→ Your goal: Print exactly the lines below between the line holding "MOLDOVA 2000 Famous" and the line holding "Modern patchwork Stone", inclusive, and nothing more.

→ Given entries:
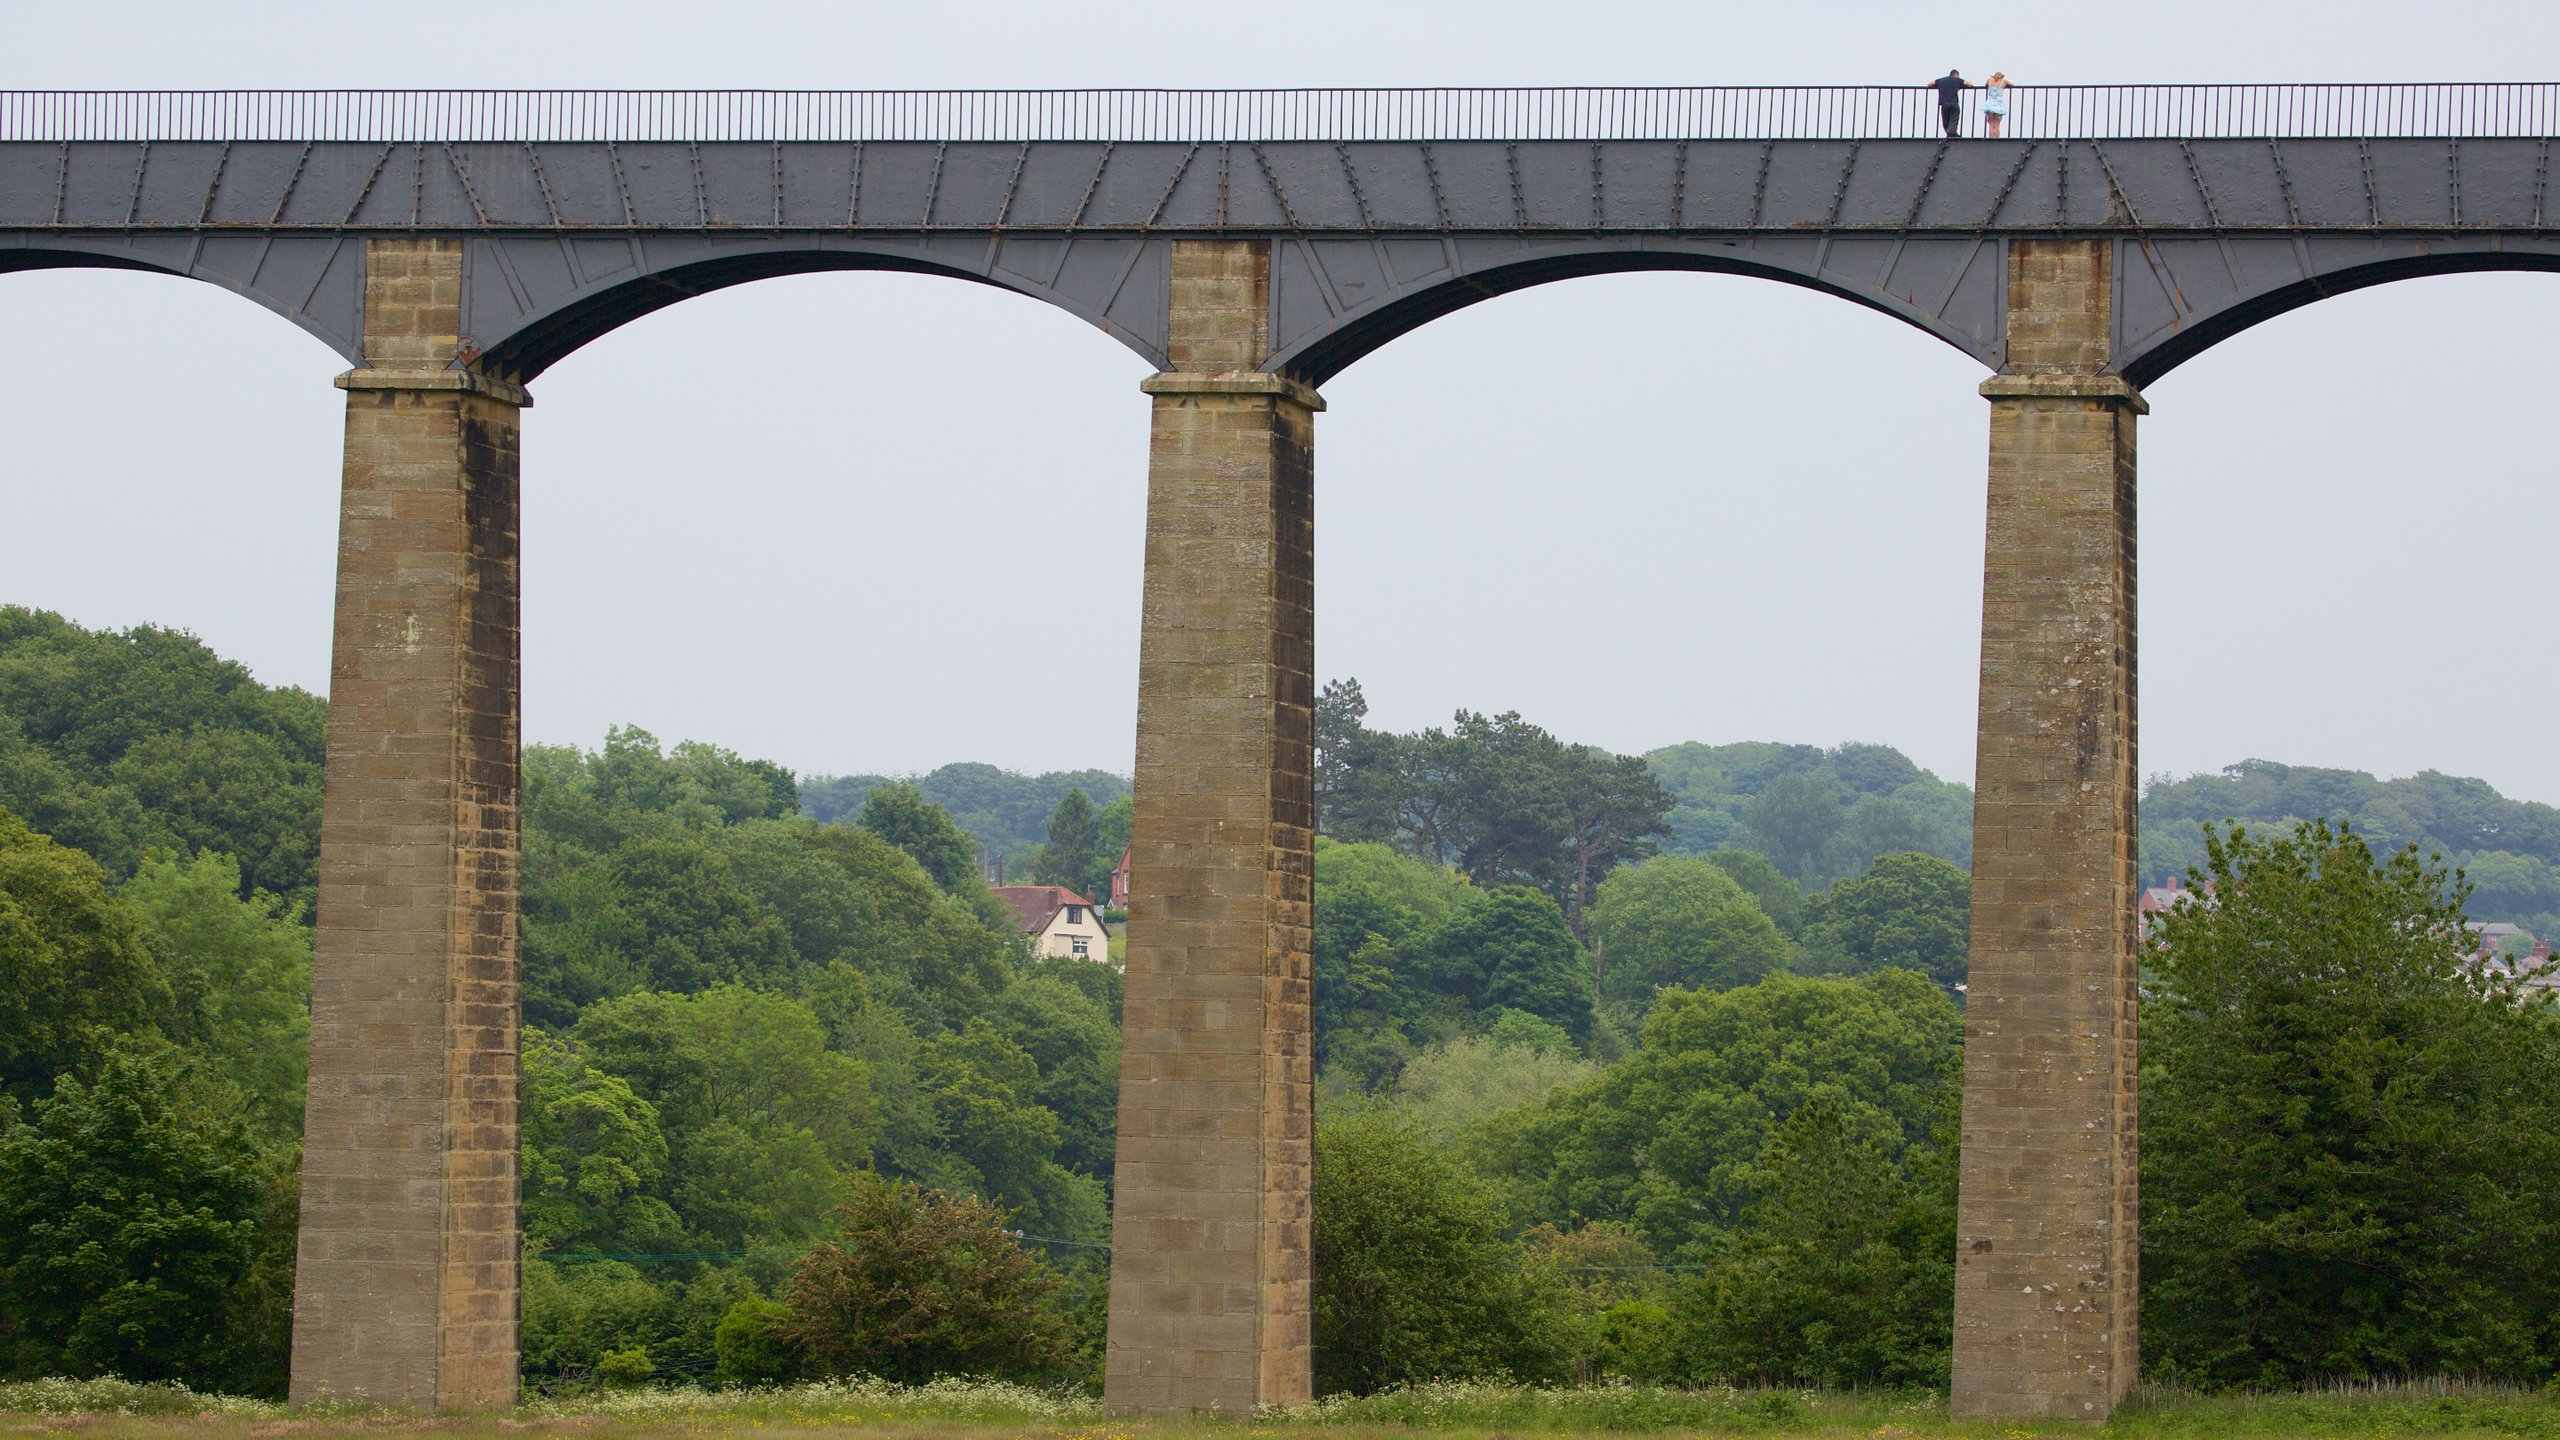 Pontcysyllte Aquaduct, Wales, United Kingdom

...

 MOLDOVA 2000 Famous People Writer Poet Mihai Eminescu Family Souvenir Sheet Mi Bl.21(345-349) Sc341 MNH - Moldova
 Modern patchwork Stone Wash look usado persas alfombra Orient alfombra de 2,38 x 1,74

→ Expected output:
 MOLDOVA 2000 Famous People Writer Poet Mihai Eminescu Family Souvenir Sheet Mi Bl.21(345-349) Sc341 MNH - Moldova
 Modern patchwork Stone Wash look usado persas alfombra Orient alfombra de 2,38 x 1,74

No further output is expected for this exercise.